# Need Help identifying a Bolens Snow Thrower



## Sblg43 (Jan 18, 2014)

I picked up this broken Bolens snow thrower last year and am finally getting a chance to look it over. The engine is a 5HP Tecumseh that runs strong.

It seems that the only thing that doesn't work on this machine, is the front auger blades. The shear pins are intact. So my guess is that the worm gear is damaged.

However, there are no identifying numbers anywhere on the machine that suggest a model number. It seems to be in great shape, except that it can't throw the snow 

The engine is a Tecumseh HS50-67257F serial 5233B. Based on the serial number, it appears to be a machine from 1985 or 1995?

Any ideas? Thanks


----------



## UNDERTAKER (Dec 30, 2013)

I WOULD guess it to be a 1995 model. but I have been wrong before.


----------



## Sblg43 (Jan 18, 2014)

I have a friend who had one similar but it was green.
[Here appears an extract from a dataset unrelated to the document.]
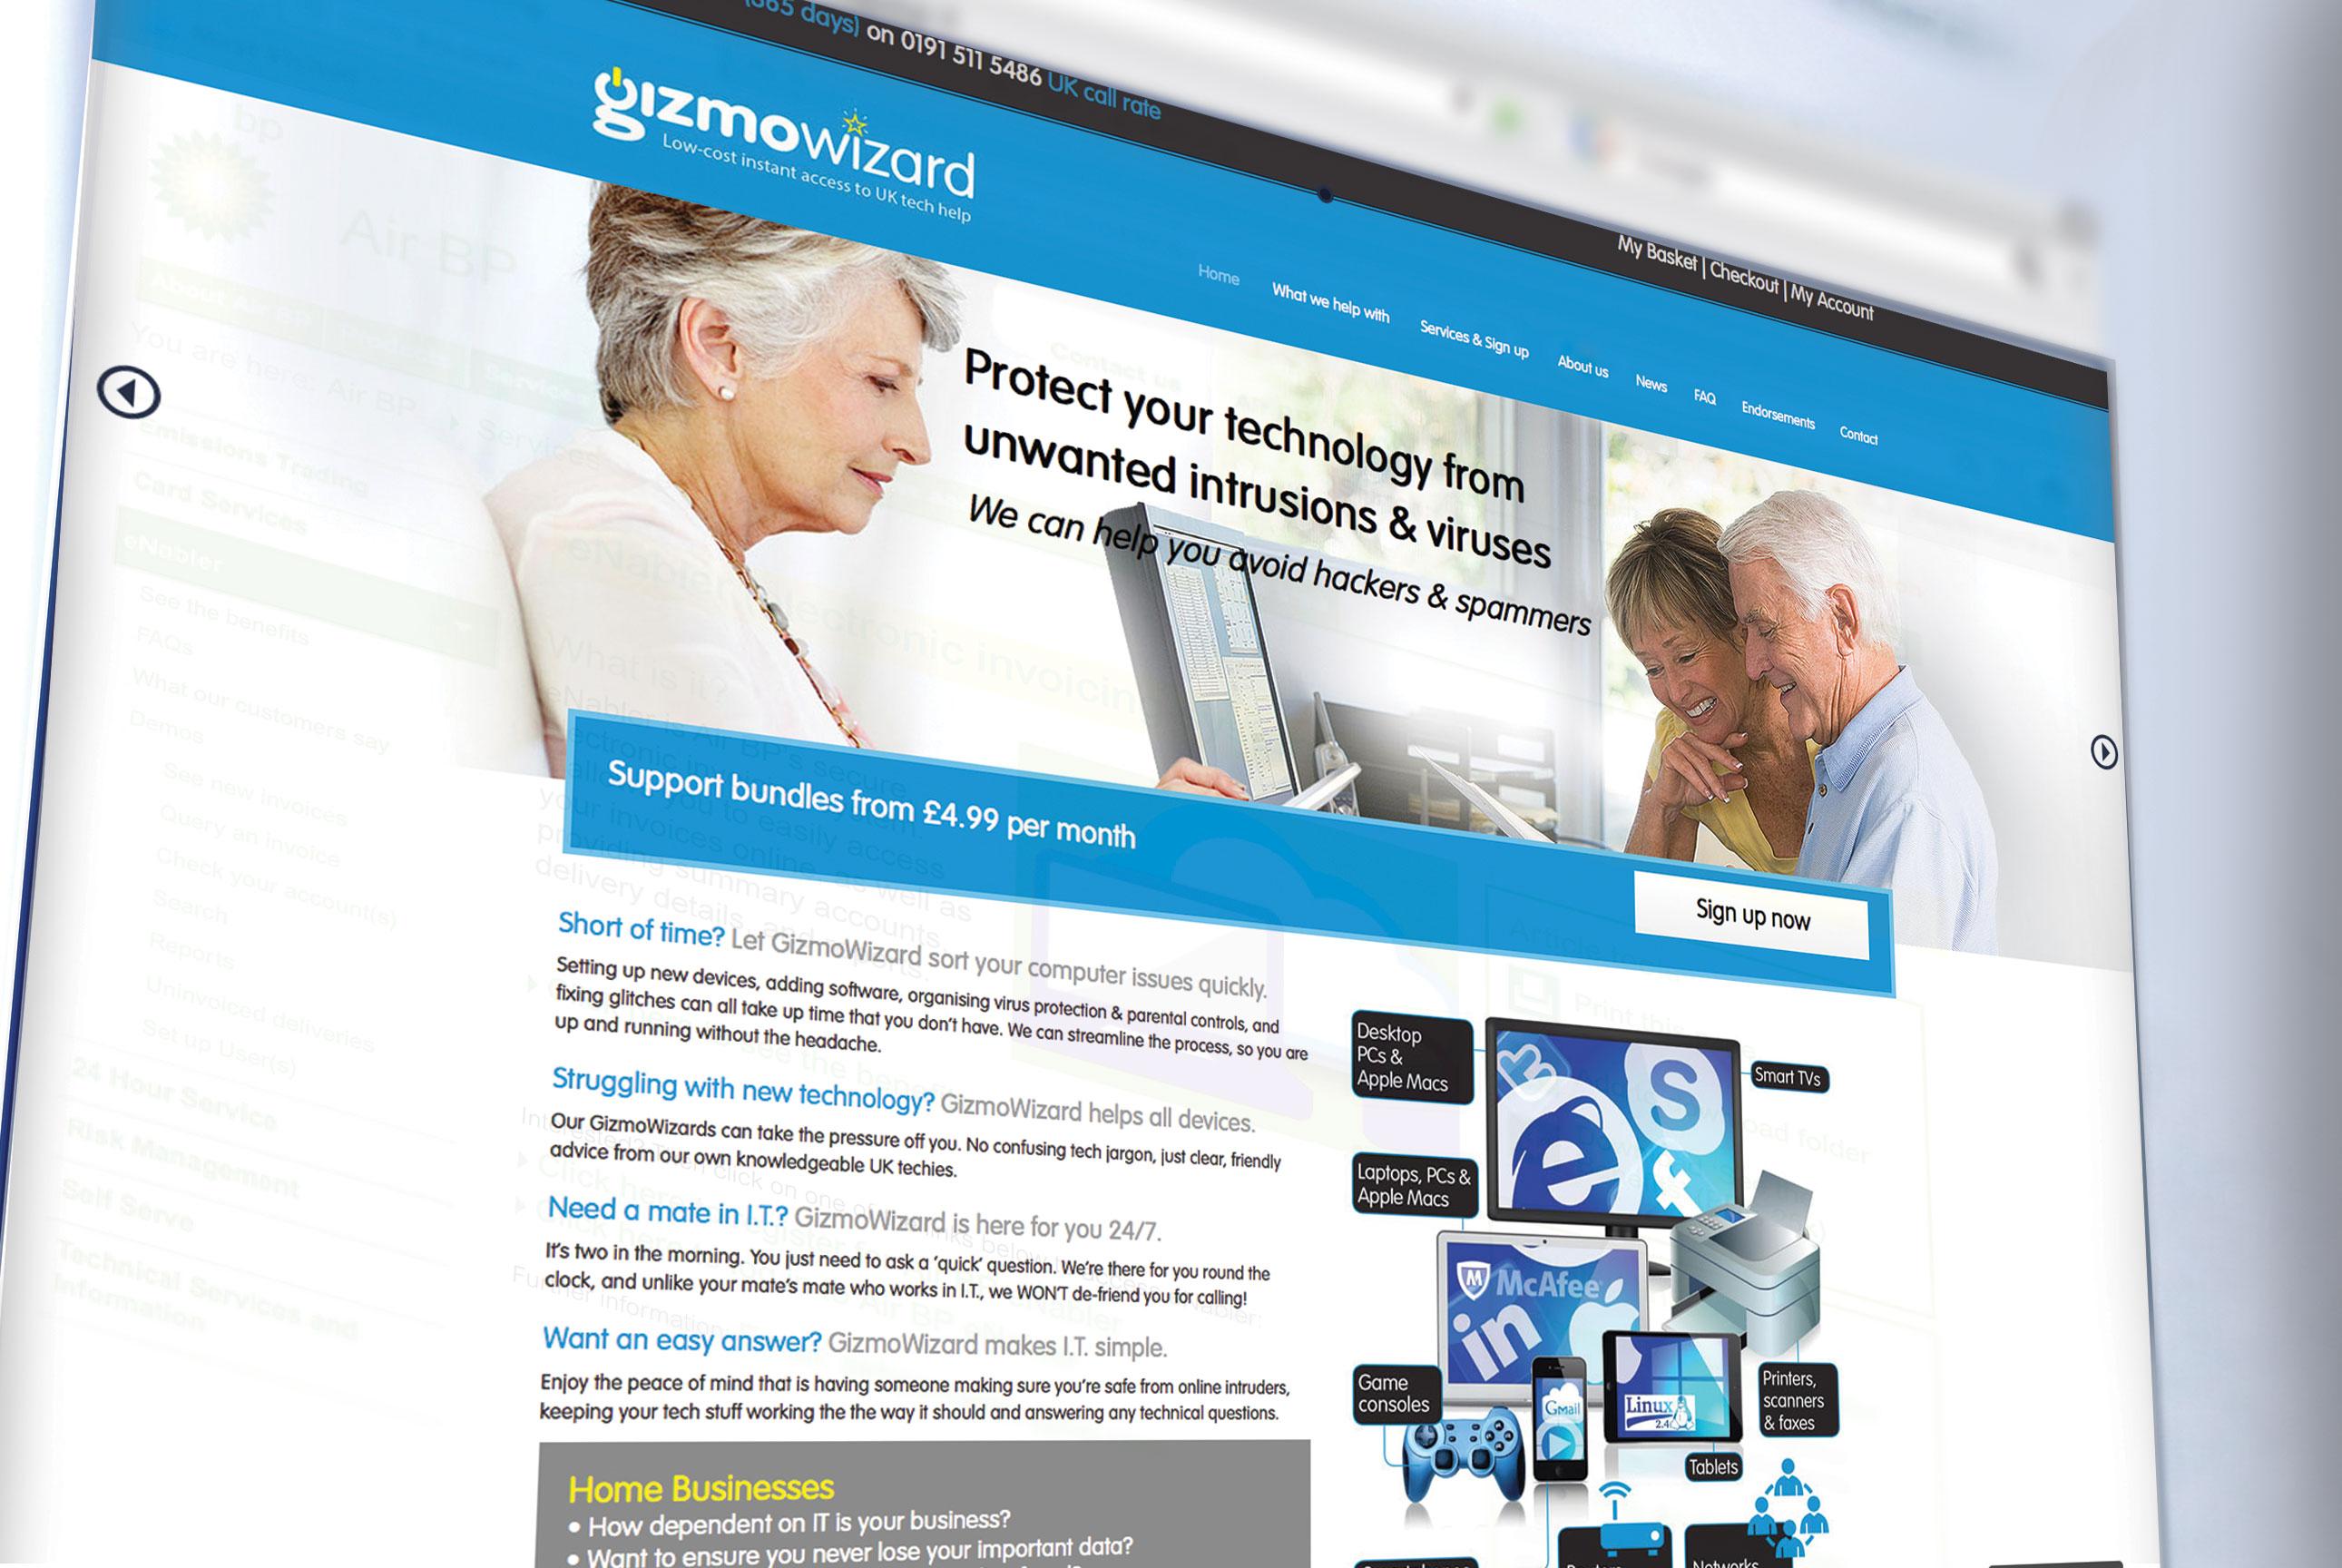 Branding and marketing Gizmowizard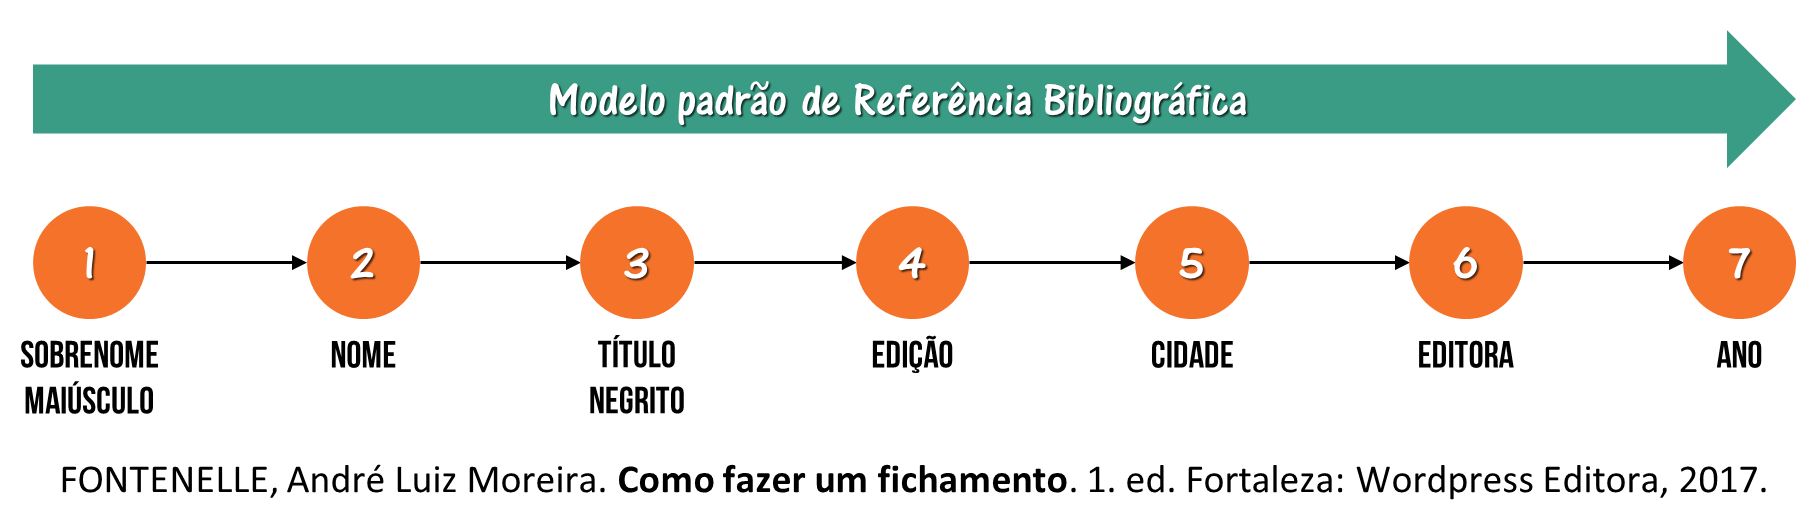 Referência Bibliográfica - Modelo

His was a Bolens 5210. So I am going to assume that this is close enough to that so that the parts will work.


----------



## classiccat (Mar 1, 2014)

That's a pretty stout, clean-looking machine.

did you try disconnecting the spark plug, removing the belt cover, engaging the auger and rotating the auger pulley by hand?


----------



## Sblg43 (Jan 18, 2014)

I pulled the plug on the front auger differential (is that the correct word for it?)

Lots of brass shavings!

Now I have to decide if I want to fix it.

A new brass gear on fleabay and other internet locations is going for $69 - $89.

Since I have so many other working snow throwers, I don't want to keep this one but it seems a shame to scrap it. I will probably fix it and try to sell it.


----------